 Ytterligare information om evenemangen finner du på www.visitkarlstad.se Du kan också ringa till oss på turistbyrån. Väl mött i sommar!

---

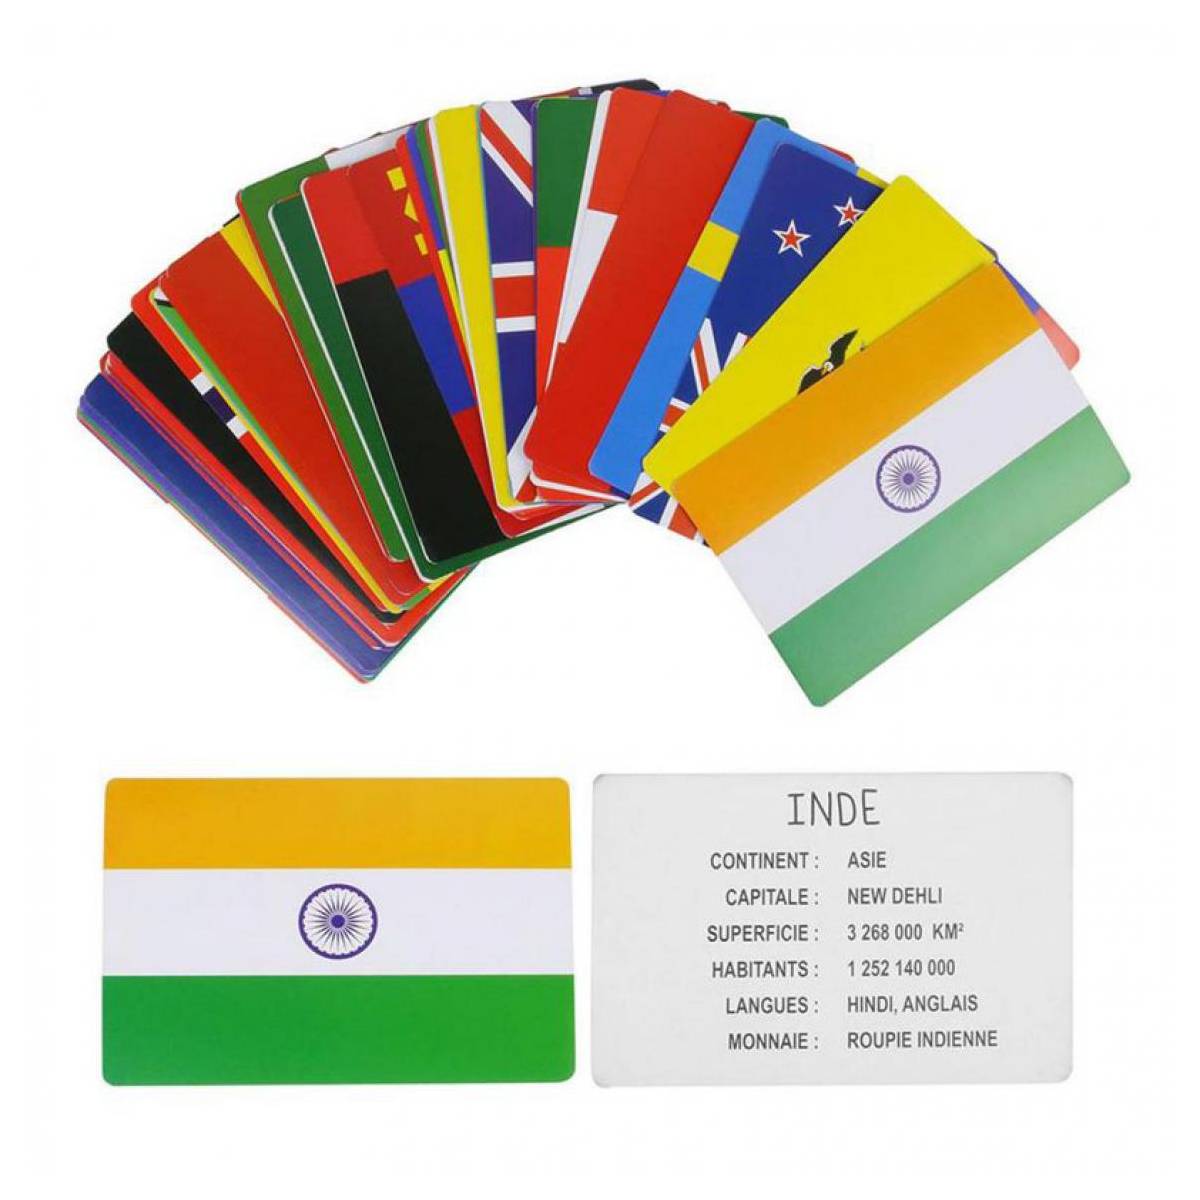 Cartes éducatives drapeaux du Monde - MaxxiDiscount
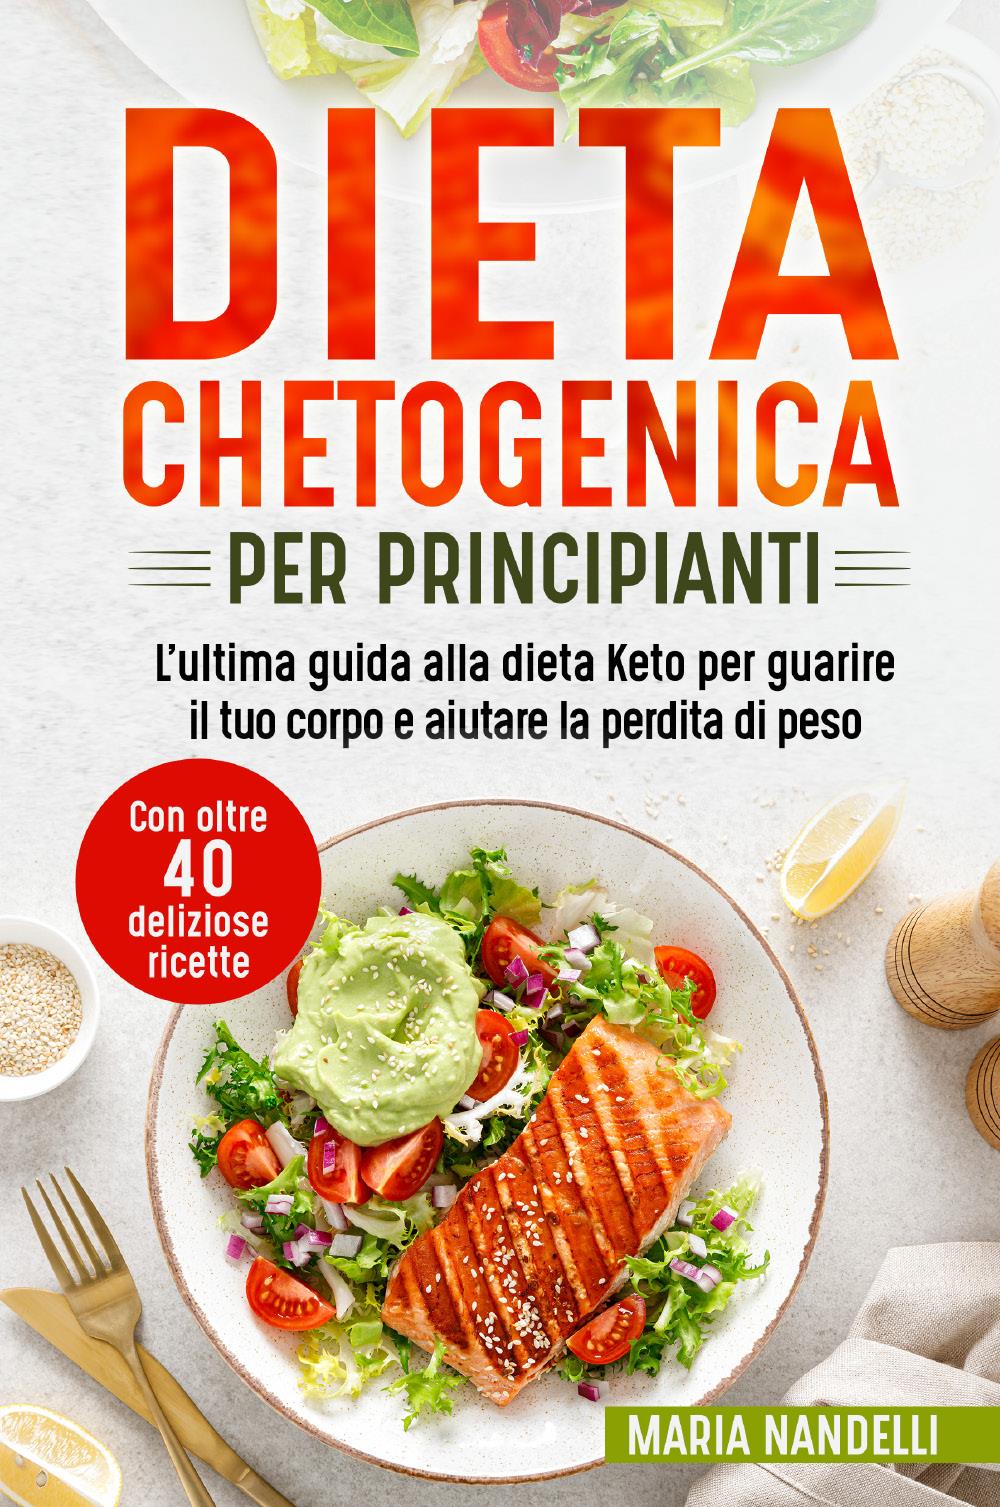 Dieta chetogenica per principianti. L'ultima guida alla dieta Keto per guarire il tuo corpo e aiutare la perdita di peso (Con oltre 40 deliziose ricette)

● **Exercise details**:
Output exactly the lines above, beginning at the one with "Cartes éducatives drapeaux" and stopping after the one with "Dieta chetogenica per". Pictures are to be omitted.

● **Solution to the exercise**:
 Cartes éducatives drapeaux du Monde - MaxxiDiscount
 Dieta chetogenica per principianti. L'ultima guida alla dieta Keto per guarire il tuo corpo e aiutare la perdita di peso (Con oltre 40 deliziose ricette)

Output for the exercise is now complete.